PRE 14A 1 dpre14a.htm SCHEDULE 14A Schedule 14A

SCHEDULE 14A

 

(Rule 14a-101)

Schedule 14A Information

Proxy Statement Pursuant to Section 14(a) of the

Securities Exchange Act of 1934

(Amendment No.      )

 

 

Filed by the Registrant x   Filed by a Party other than the Registrant ¨

 

Check the appropriate box:

 

¨  Preliminary Proxy Statement

 

¨  Confidential, For Use of the Commission Only (as permitted by Rule 14a-6(e)(2))

 

¨  Definitive Proxy Statement

 

¨  Definitive Additional Materials

 

x  Soliciting Material Pursuant to Rule 14a-11(c) or Rule 14a-12

 

RURAL/METRO CORPORATION

 


(Name of Registrant as Specified In Its Charter)

 

Not Applicable.

 


(Name of Person(s) Filing Proxy Statement, if Other Than the Registrant)

 

Payment of Filing Fee (Check the appropriate box):

 

x  No fee required.

 

¨  Fee computed on table below per Exchange Act Rules 14a-6(i)(1) and 0-11.

 

  (1)  Title of each class of securities to which transaction applies:

 

 
  (2)  Aggregate number of securities to which transaction applies:

 

 
  (3)  Per unit price or other underlying value of transaction computed pursuant to Exchange Act Rule 0-11 (set forth the amount on which the filing fee is calculated and state how it was determined):

 

 
  (4)  Proposed maximum aggregate value of transaction:

 

 
  (5)  Total fee paid:

 

 

 

¨  Fee paid previously with preliminary materials.

 

¨  Check box if any part of the fee is offset as provided by Exchange Act Rule 0-11(a)(2) and identify the filing for which the offsetting fee was paid previously.
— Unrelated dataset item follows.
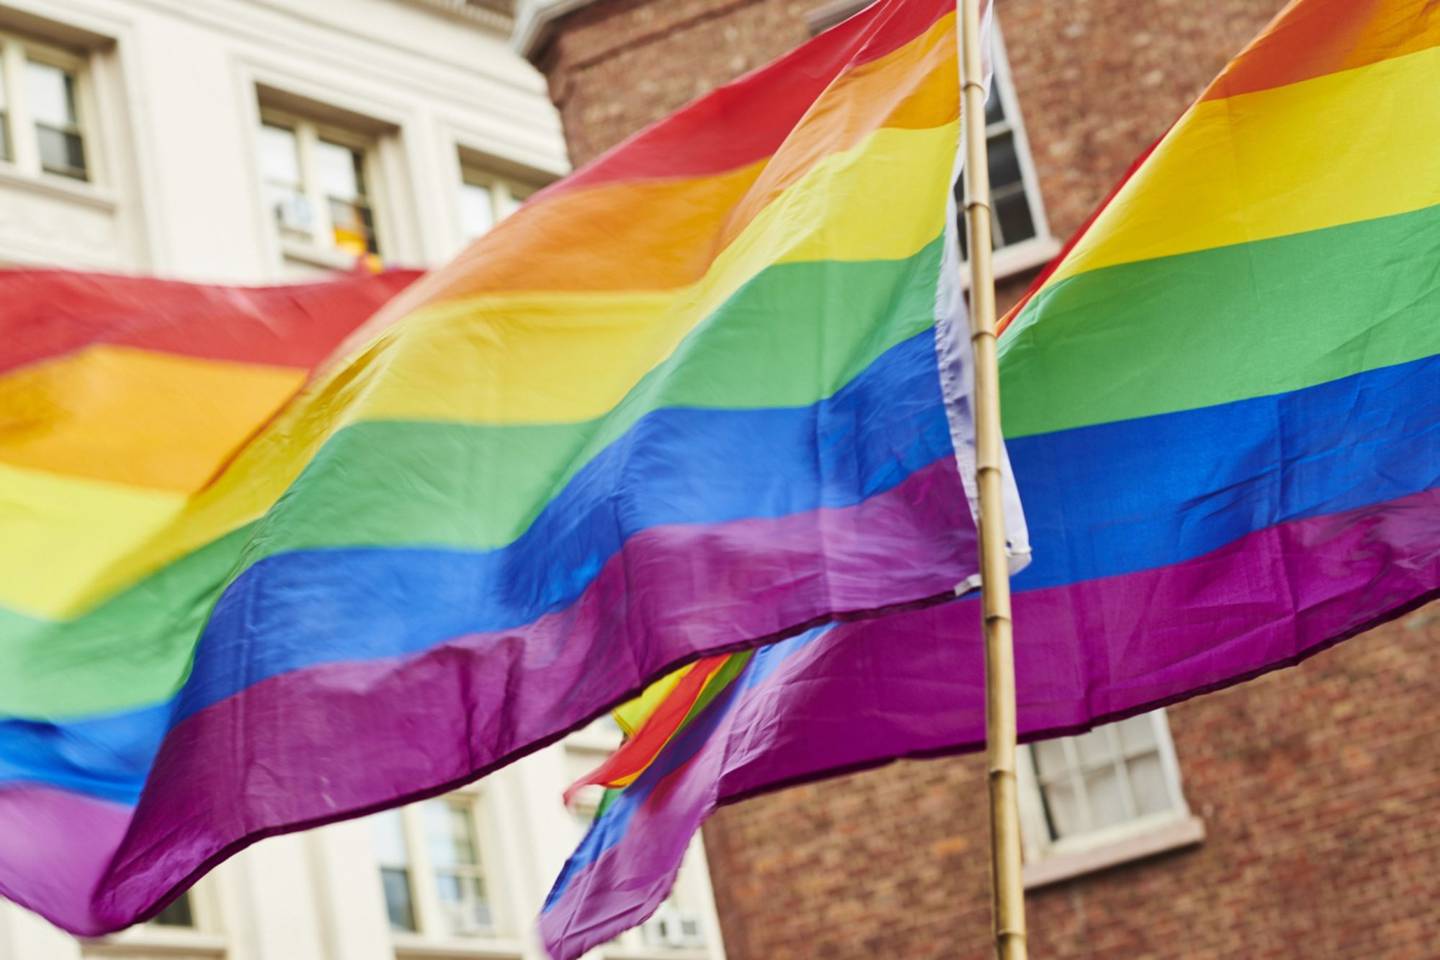 Quienes acudan al Mundial podrían realizar protestas pacíficas, promover los derechos de la comunidad LGBT y besarse en público, de acuerdo con una presentación vista por Bloomberg.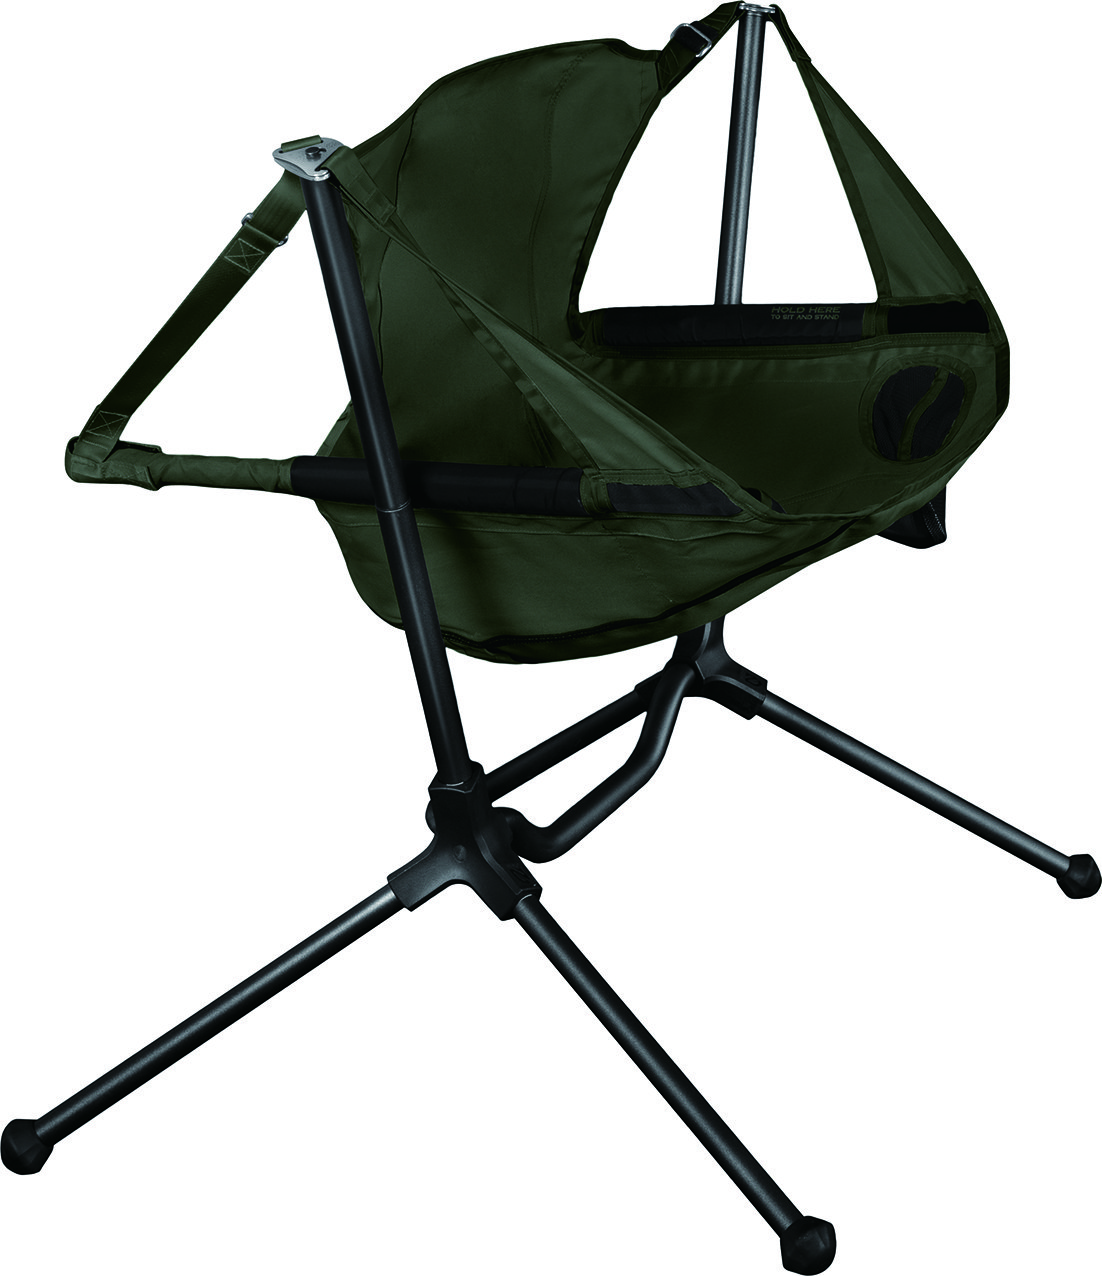 Viaggio+ アウトドア チェア 折りたたみ ウッド キャンピングチェア 木製 椅子 イス コンパクト ローチェア キャンプ 肘掛け (

Identify the previous filing by registration statement number, or the form or schedule and the date of its filing.

 

  (1)  Amount previously paid:

 

 
  (2)  Form, Schedule or Registration Statement No.:

 

 
  (3)  Filing Party:

 

 
  (4)  Date Filed:

 

 


The following is an except from the script read by an executive officer of Rural/Metro Corporation, a Delaware corporation (the “Company”), during an investor conference call held February 13, 2004 in regard to the Company’s results for the quarter ended December 31, 2003, and related matters:

 

“Our final topic this morning regards an important proposal that we will ask stockholders to consider at our next annual meeting. The proposal will call for the authorization of additional shares of the company’s common stock so that we may initiate conversion of Series B and Series C redeemable preferred stock that was granted to our lenders.

 

As you may recall, the preferred shares were provided to our banks in conjunction with two amendments to our credit facility in 2002 and 2003. These actions resulted in the creation of a favorable environment for us to grow and strengthen the company without the undue risk of short-term refinancing pressures. The agreement also extended the facility’s maturity date through December 31, 2006.

 

We believe that the long-term benefits are significant and management fully supports this proposal. We are hopeful that stockholders will give the proposal their full consideration when they receive their proxies.”

 

Additional Information and Where to Find It

 

The Company intends to file a preliminary proxy statement regarding the proposal to authorize additional shares of common stock with the Securities and Exchange Commission, and it intends to mail a definitive proxy statement to its stockholders regarding the proposal. Investors and stockholders of the Company are urged to read the definitive proxy statement when it becomes available because it will contain important information about the Company and the proposal to authorize additional common shares to be used to convert the preferred shares issued in connection with the Company’s amended credit facility into common shares. Investors and stockholders may obtain a free copy of the definitive proxy statement (when it is available) and all of the Company’s annual, quarterly and special reports at the SEC’s web site at www.sec.gov. The Company and its executive officers and directors may be deemed to be participants in the solicitation of proxies from the Company’s stockholders in favor of the conversion proposal. Information regarding the security ownership and other interests of the Company’s executive officers and directors will be included in the definitive proxy statement.